The logic not only proves itself false but proves that it is more likely an agenda motivated bias. Now more likely isn't enough to support a claim. I merely bring this point into context with the proving statement- your title. "Shuuurrre!", which shouldn't include an "h", alone by its modern sarcastic meaning, proves the agenda claim; which the elongated spelling defines the the audible tone required to pronounce the word this way.

In defense of my religion and true intelligence.

is it just me?

I thought the goal of every mission was to have missionaries from their own area, language and culture. Although I doubt that there are enough Russian missionaries to staff all of the missions, isn't is a step in the right direction to have missionaries from at least the same hemisphere serve there?

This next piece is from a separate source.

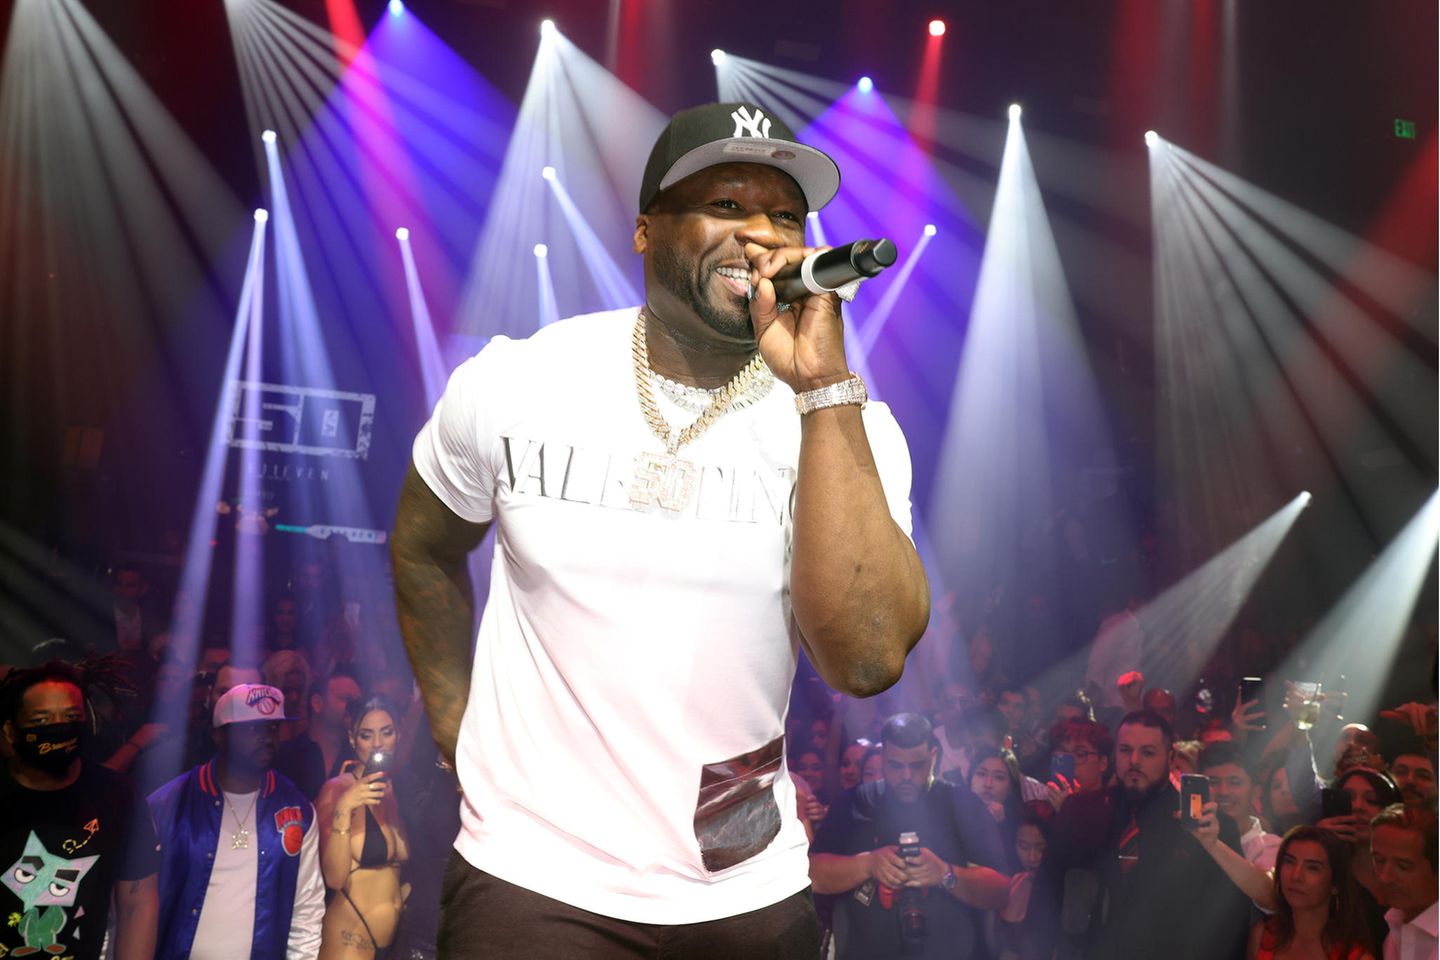 Rapper 50 Cent sing bei einem Auftritt auf der Bühne

Truth, you said a real mouthful,but what do you mean???

To Shuuurrre

If this was an issue of conversion rates then why is this happening now? The number of baptisms is drastically going up, at least in the Samara Mission I know it is. You are correct that Russia in general has a pretty low rate, but that is no reason to stop sending missionaries from North America (which make up 80% or more of the missionaries in some Russian missions) when there is still so much potential in the country. The reason is the expense.

It was very expensive and time consuming to send missionaries out of the country every six months to the Baltic Countries like was done in the past, I can't even imagine the expense to send them every three months to places like Prague. Talk to those who have been doing it the last few months and they will tell you it isn't cheap and it disrupts the missions. It's too bad that this is happening and that the Russian government is making it harder and harder. Hopefully the number of missionaries in Russia won't decline too much and those from European countries can fill in.

Served in there 14 years ago...

I served in Moscow from '93-94 (sister) and I remember when Elder Wirthin came and told us that we needed to find strong members that could carry on the the church in Russia w/out us in case the missionaries ever had to leave. Hmmmm....I'm not suprised by this at all. Also, I have a friend (from my mission) who works for the church in Moscow and she has told me that this would happen. Remember Putin and now Medvedev are both hard-liners. My friend told me that they have fewer freedoms now than when I was there. The members are great in Russia are AMAZING and they will do just fine! I have complete faith in them!


You know, I was initially a little saddened after reading the article, but after the comments from the returned missionaries who served in the area, I'm beginning to see what a truly inspiring set of circumstances this could be. I appreciate those posters that helped show the other side of this, thank you.